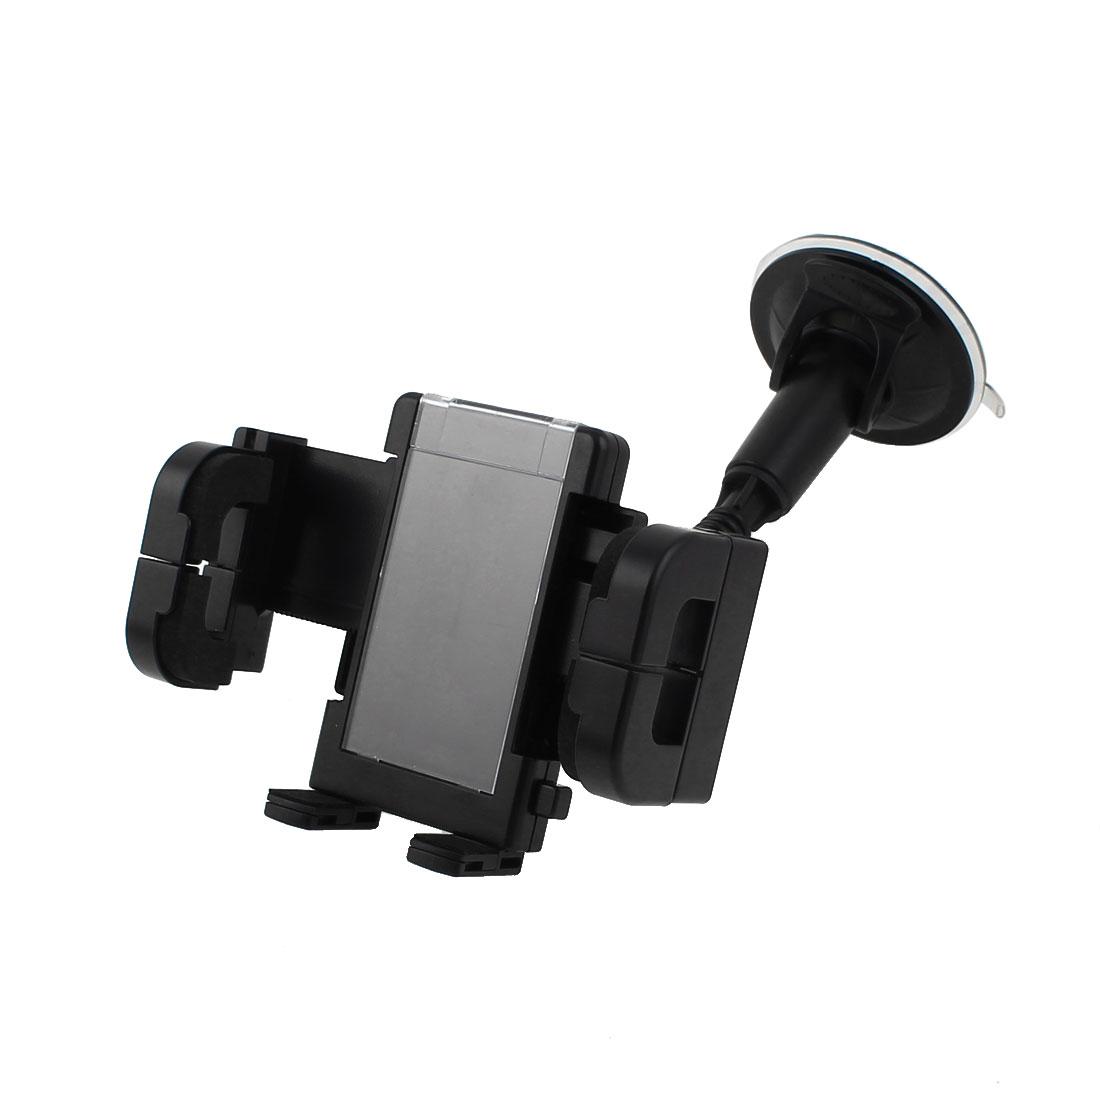 Car Universal Windshield Mount Cradle Holder for Mobile phone GPS
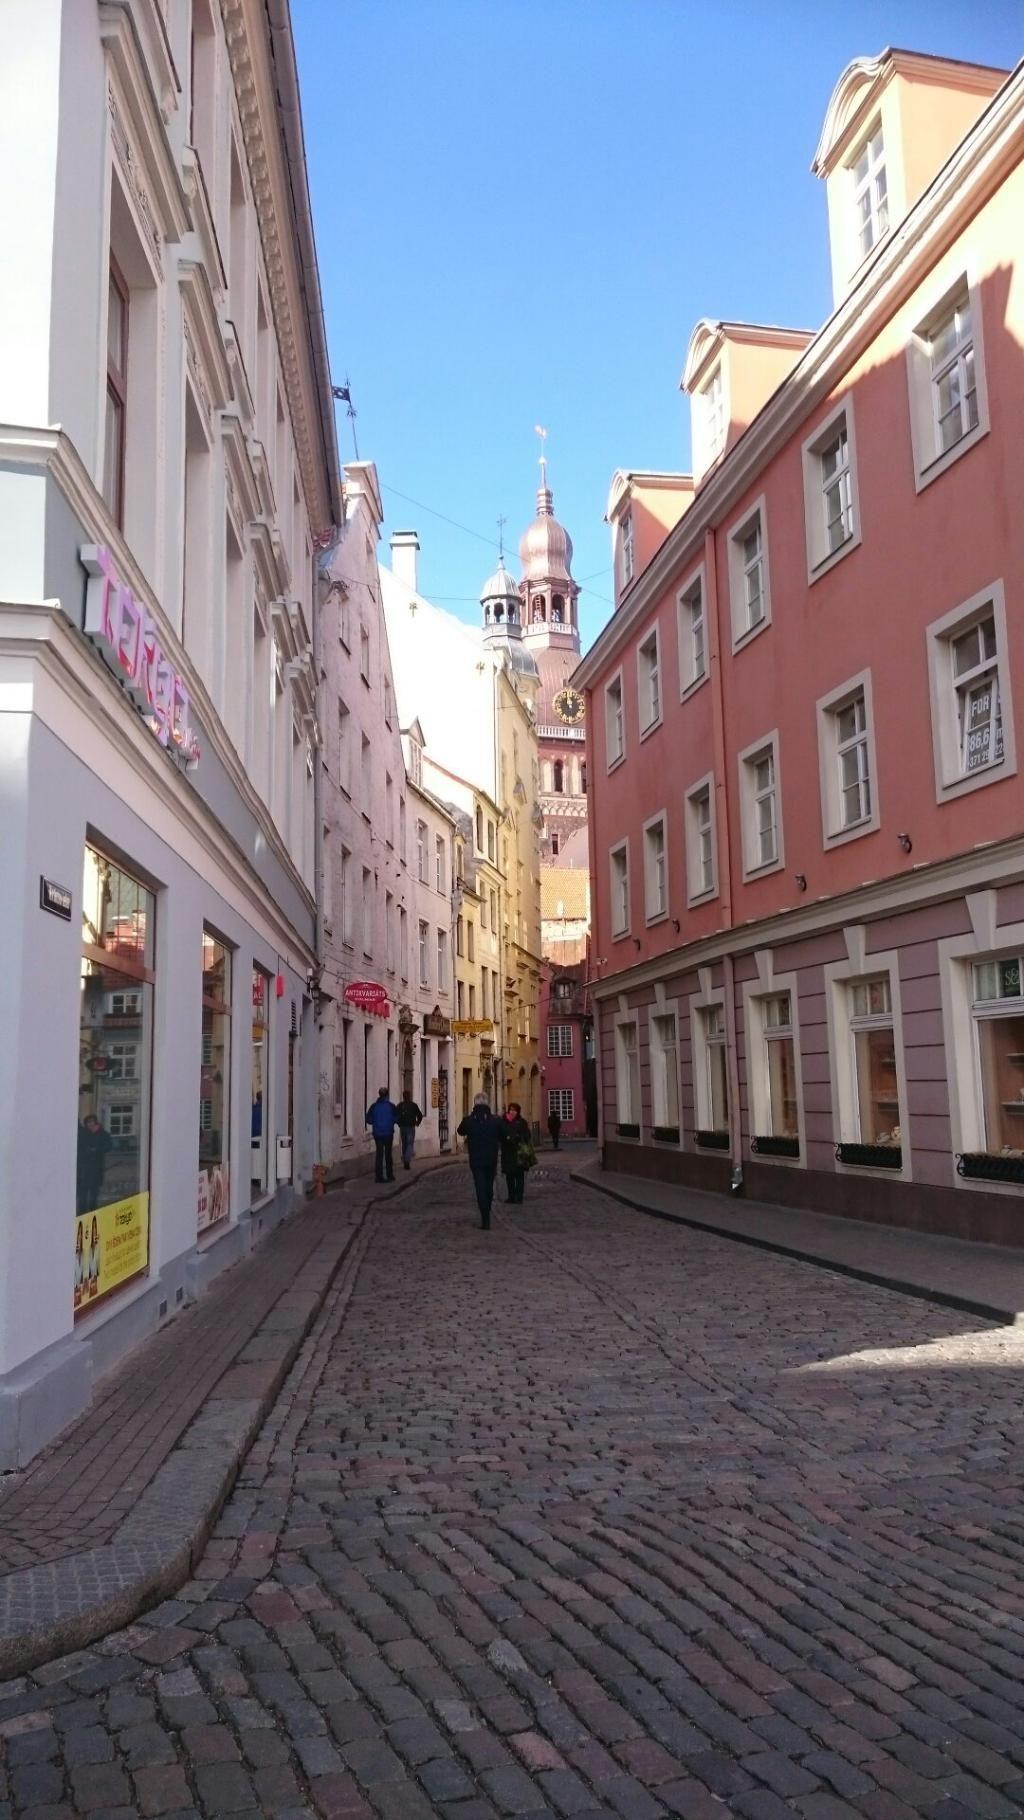 Old City Riga Vecriga Old City Riga Tour Tickets
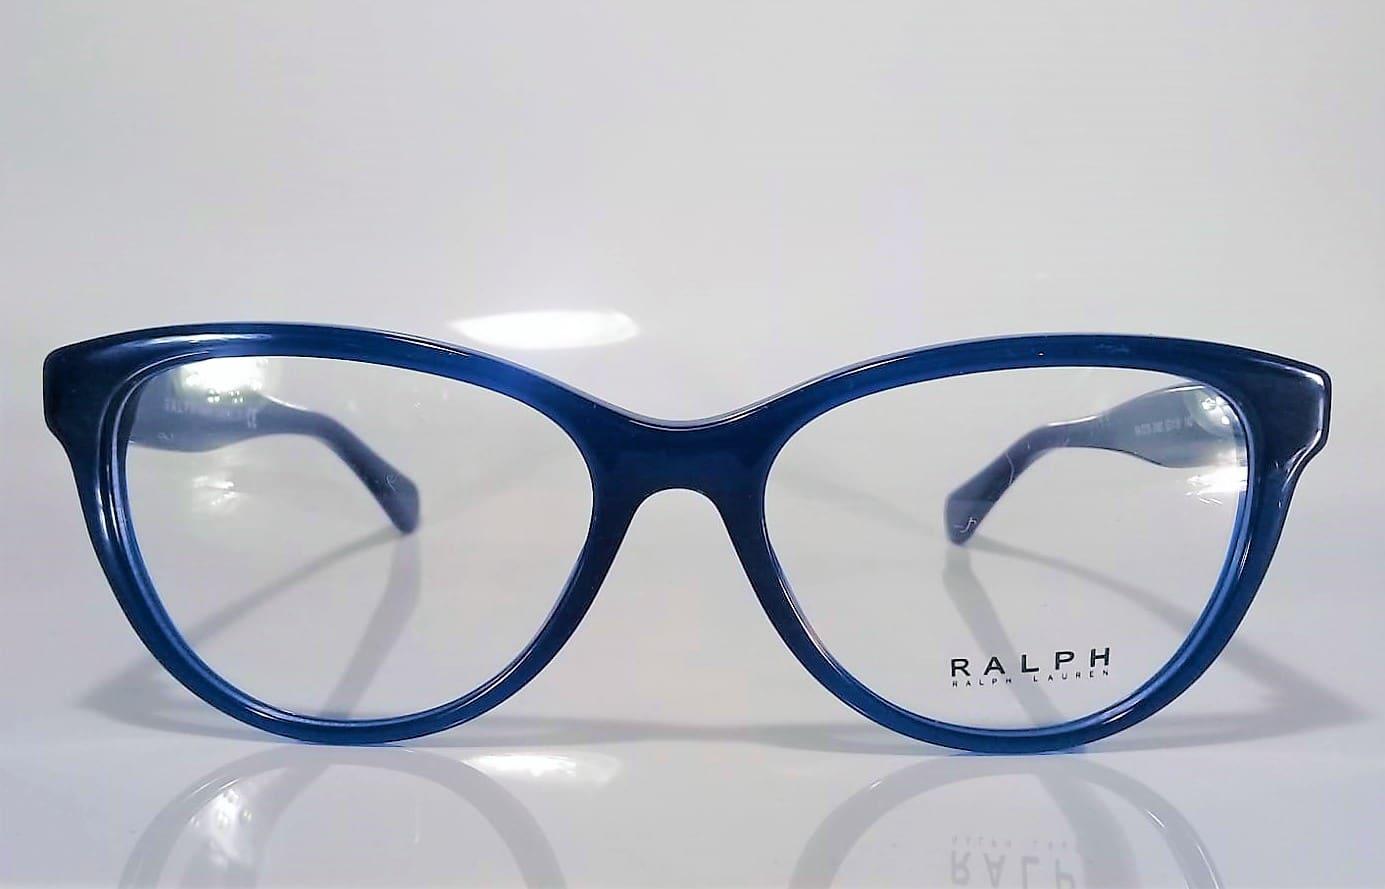 673cd26f58 Lentes de Receta Mujer Ralph 7075-3162 - Óptica Americana
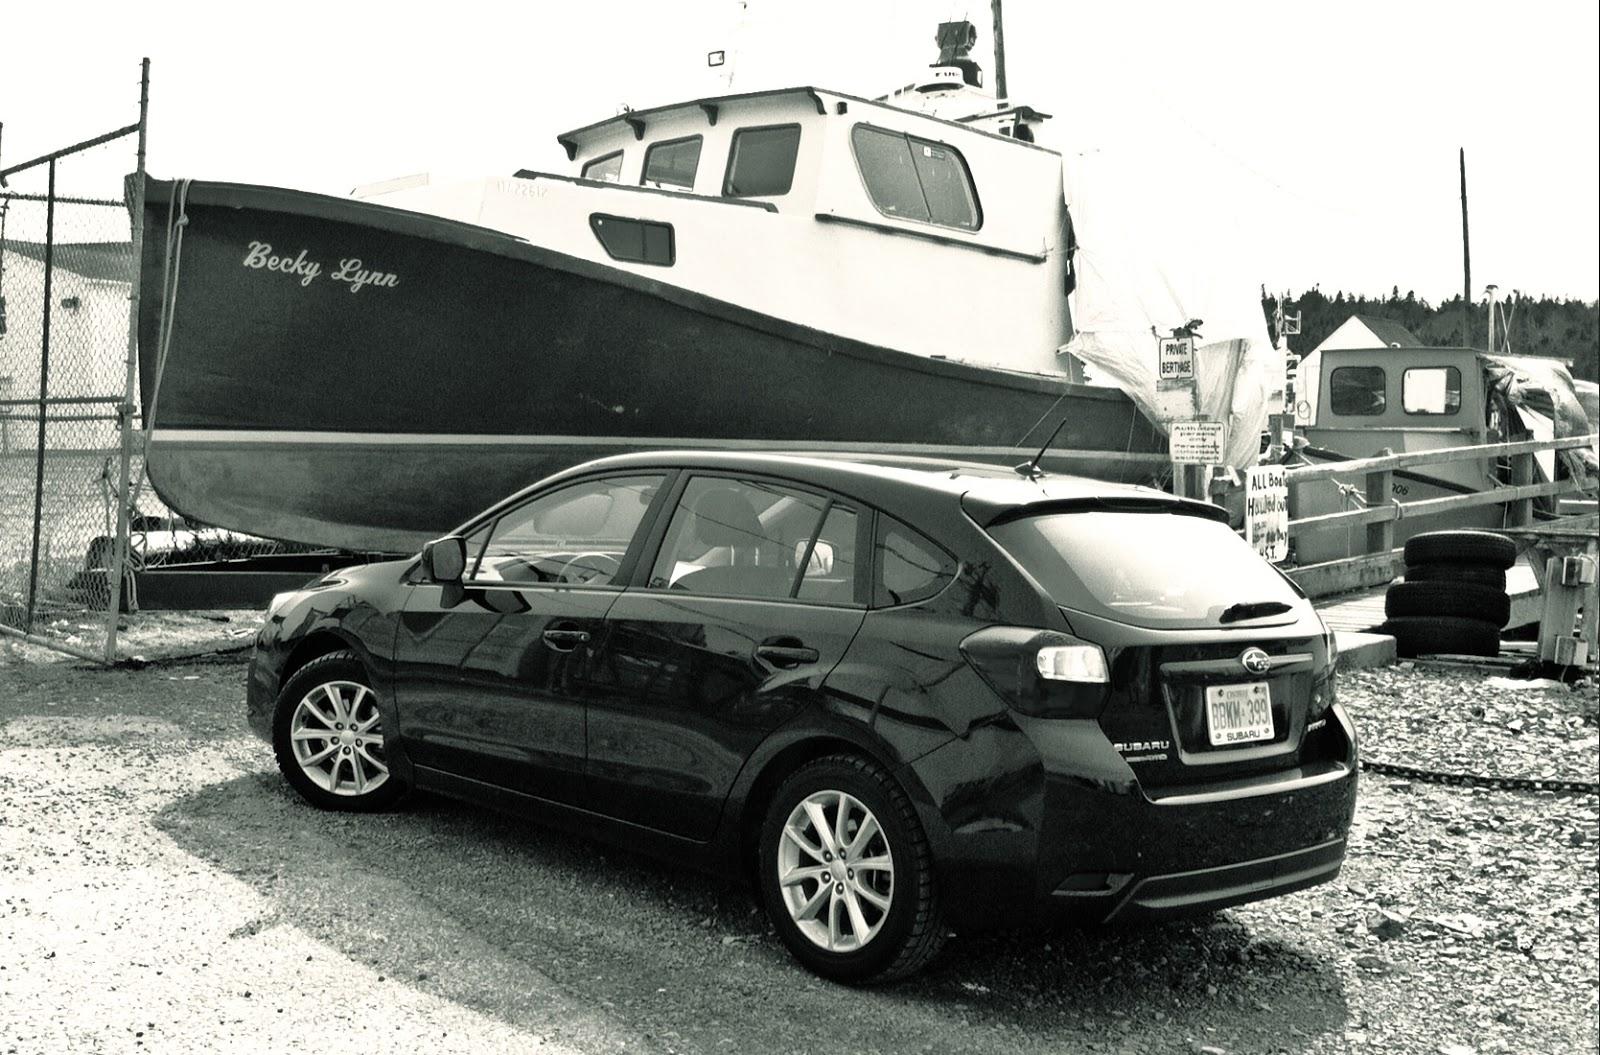 2014 Subaru Impreza hatchback Touring rear

Assigned task
What's needed is a word-for-word retyping of the listing, minus its pictures.

Expected answer
 Car Universal Windshield Mount Cradle Holder for Mobile phone GPS
 Old City Riga Vecriga Old City Riga Tour Tickets
 673cd26f58 Lentes de Receta Mujer Ralph 7075-3162 - Óptica Americana
 2014 Subaru Impreza hatchback Touring rear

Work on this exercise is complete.